Dengan berpuasa kita menyadari hal tersebut dan ini pada gilirannya menghiasi diri kita dengan kecerdasan spiritual dan emosional.

Kecerdasan spiritual melahirkan iman serta kepekaan yang mendalam. Fungsinya mencakup hal-hal yang bersifat supranatural dan religius. Inilah yang menegaskan wujud Tuhan, melahirkan kemampuan untuk menemukan makna hidup, serta memperhalus budi pekerti, dan dia juga yang melahirkan mata ketiga atau indra keenam bagi manusia.
Dimensi spiritual mengantar manusia percaya kepada yang gaib dan ini merupakan tangga yang harus dilalui untuk meningkatkan diri, dari tingkat binatang yang tidak mengetahui kecuali apa yang terjangkau oleh panca indranya menuju ke tingkat kemanusiaan yang menyadari bahwa wujud ini sebenarnya jauh lebih besar dan lebih luas daripada wilayah kecil dan terbatas yang hanya dijangkau oleh indra atau alat-alat yang merupakan kepanjangan tangan indra.

Dengan kecerdasan emosi manusia mampu mengendalikan nafsu bukan membunuhnya. Emosi atau nafsu sangat kita butuhkan, sebab dia merupakan salah satu faktor yang mendorong terlaksananya tugas kekhalifaan, yakni membangun dunia sesuai dengan kehendak dan tuntunan Ilahi. Dengan kecerdasan itu, manusia akan mampu mengarahkan emosi atau nafsu ke arah positif sekaligus mengendalikannya, sehingga tidak terjerumus dalam kegiatan negatif.

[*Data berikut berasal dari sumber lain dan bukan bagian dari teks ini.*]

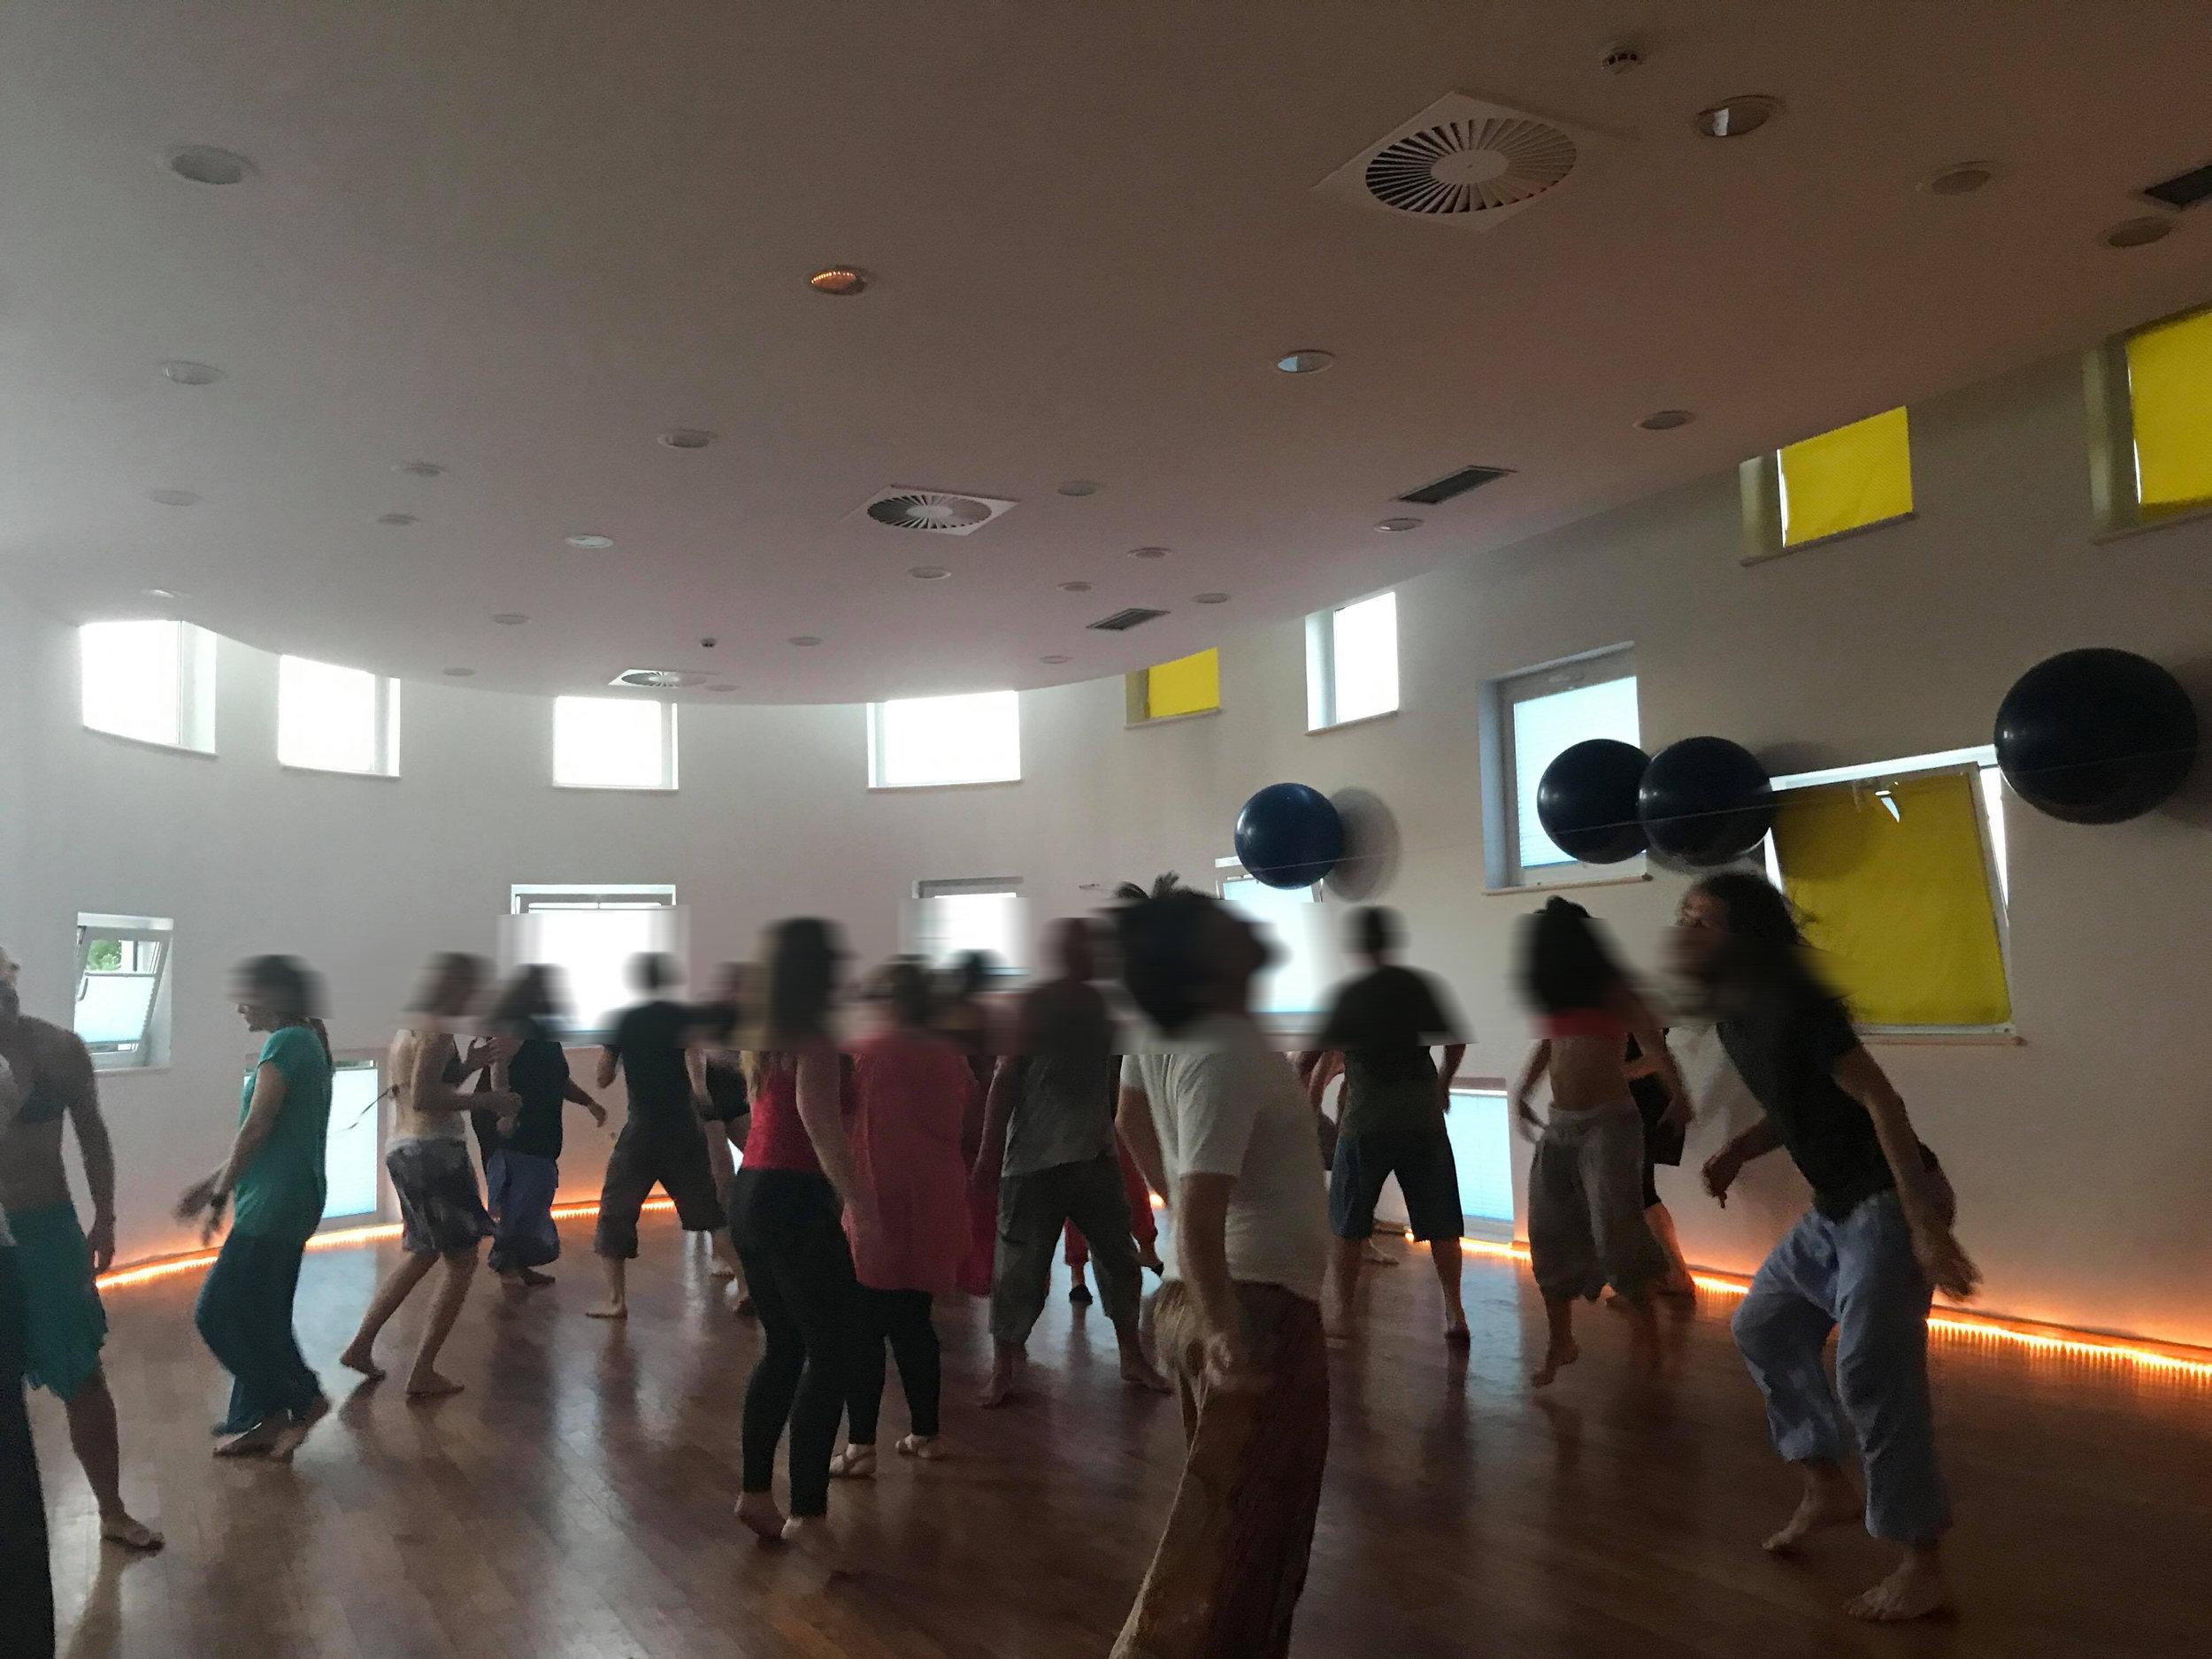 soul flight promo dance space 3 blur.jpg

Kecerdasan emosional mendorong lahirnya ketabahan dan kesabaran menghadapi segala tantangan dan ujian. Salah satu tuntunan Rasul Saw. yang berkaitan dengan puasa adalah apabila salah seorang di antara kita berpuasa, maka janganlah dia mengucapkan kata-kata buruk, jangan juga berteriak memaki. Bila ada yang memakinya, maka hendaklah ia berucap “Aku sedang berpuasa”, yakni aku sedang mengendalikan nafsuku sehingga tidak akan berbicara atau bertindak kecuali sesuai dengan tuntunan agama. Dengan demikian, kecerdasan emosional menjadikan penyandangnya berbicara dan bertindak pada saat diperlukan dan dengan kadar yang diperlukan, serta pada waktu dan tempat yang tepat.

Kecerdasan-kecerdasan itulah yang menjadikan jiwa manusia seimbang dan menjadikannya berfikir logis dan obyektif, bahkan memiliki kesehatan dan keseimbangan tubuh. Karena, siapa yang berfungsi dengan baik kecerdasan emosi dan spiritualnya, maka akan selamat pula anggota badannya dari segala kejahatan dan selamat pula hatinya dari segala maksud buruk. Wa Allah A’lam.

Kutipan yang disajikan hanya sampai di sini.